The Federal Communications Commission (FCC) has failed to aid consumers by creating the competitive market for set-top boxes Congress envisioned in the 1996 Telecommunications Act, Public Knowledge Legal Director Harold Feld said.
Testifying before the House Subcommittee on Communications, Technology and the Internet, Feld said, “the FCC has failed to create the competitive market Congress directed.” The result, Feld said, is that customers for cable, satellite and telephone-provided video services still must rent their set-top boxes from those companies and can’t easily take advantage of a more competitive market for devices like digital video recorders (DVRs).

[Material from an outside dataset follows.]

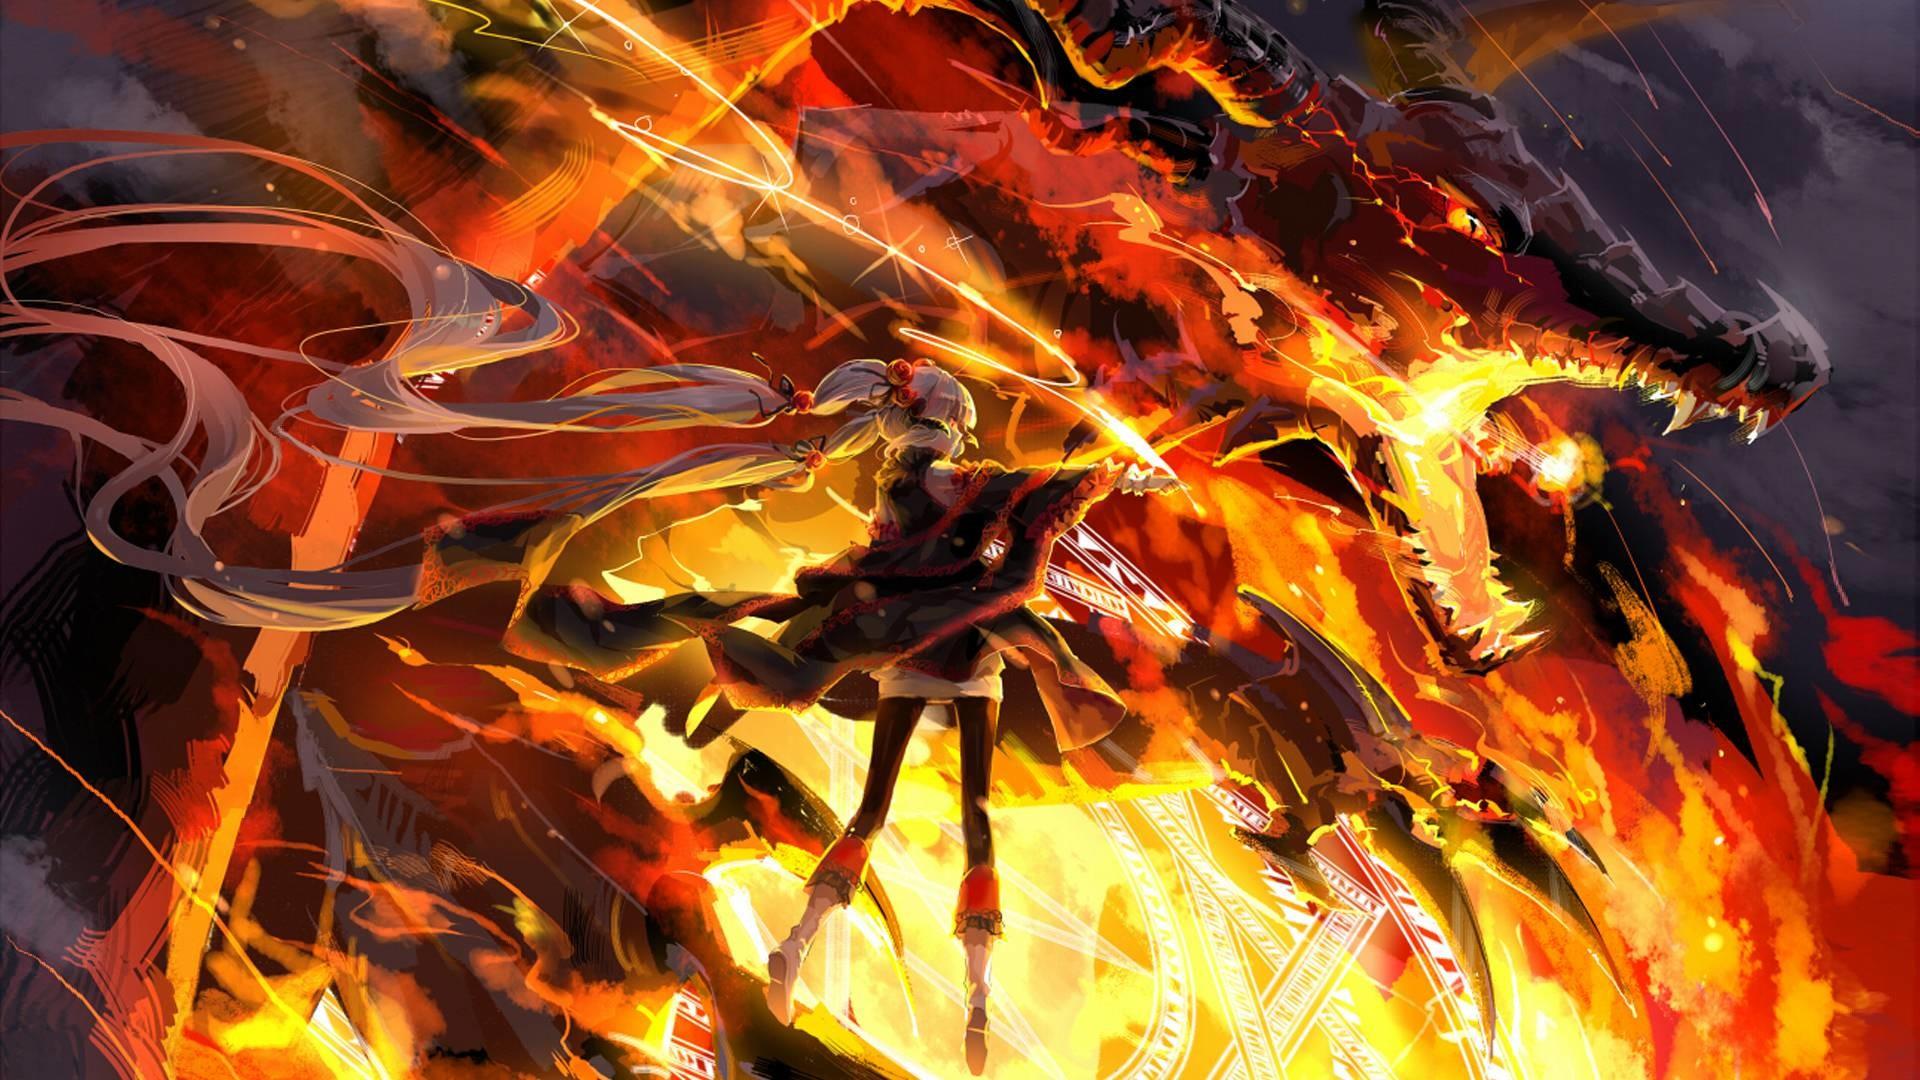 1920x1080 3d Fire Dragon Wallpapers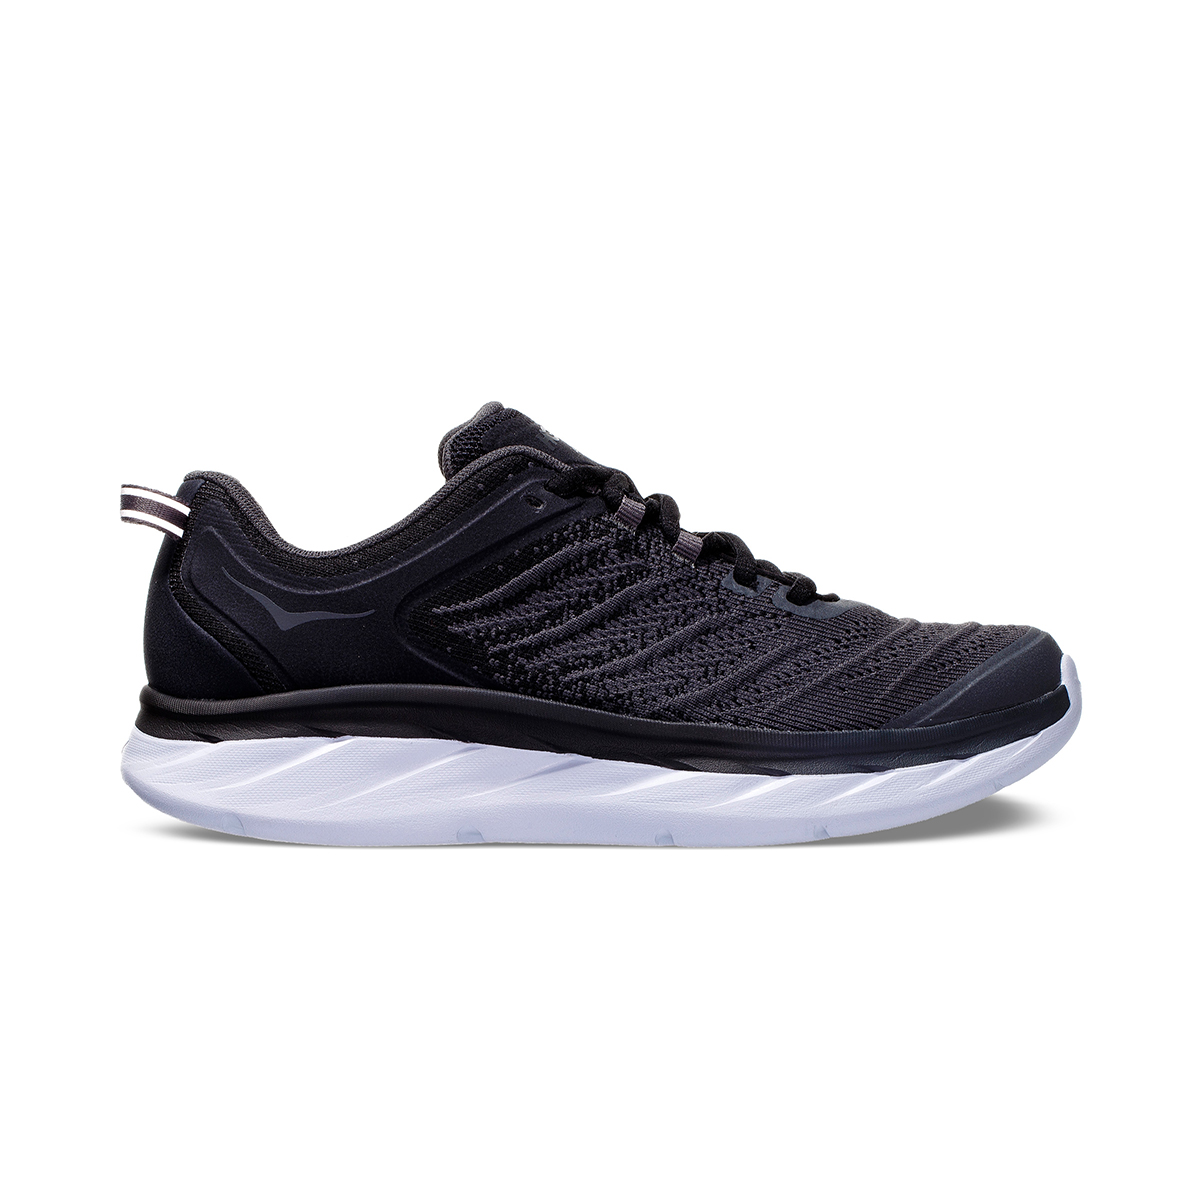 Women's Hoka One One Akasa Running Shoe - Color: Black/Dark Shadow - Size: 5 - Width: Regular, Black/Dark Shadow, large, image 1

The written testimony is here.
Feld, who testified on behalf of Public Knowledge, Media Access Project and Consumers Union, said he was pleased that the FCC’s National Broadband Plan recognized the importance of a competitive set-top box market as a connection to the Internet and would help achieve the goal of universal broadband. Until now, however, the FCC has produced only temporary solutions that don’t take advantage of the real capabilities of video networks and which apply only to cable and not to other carriers such as satellite or services provided by telephone companies.
The consumer groups have asked the FCC to require a “video gateway,” which would provide uniform connectivity for set-top boxes, much as the jack in a wall provides a universal connection for a telephone, Feld said.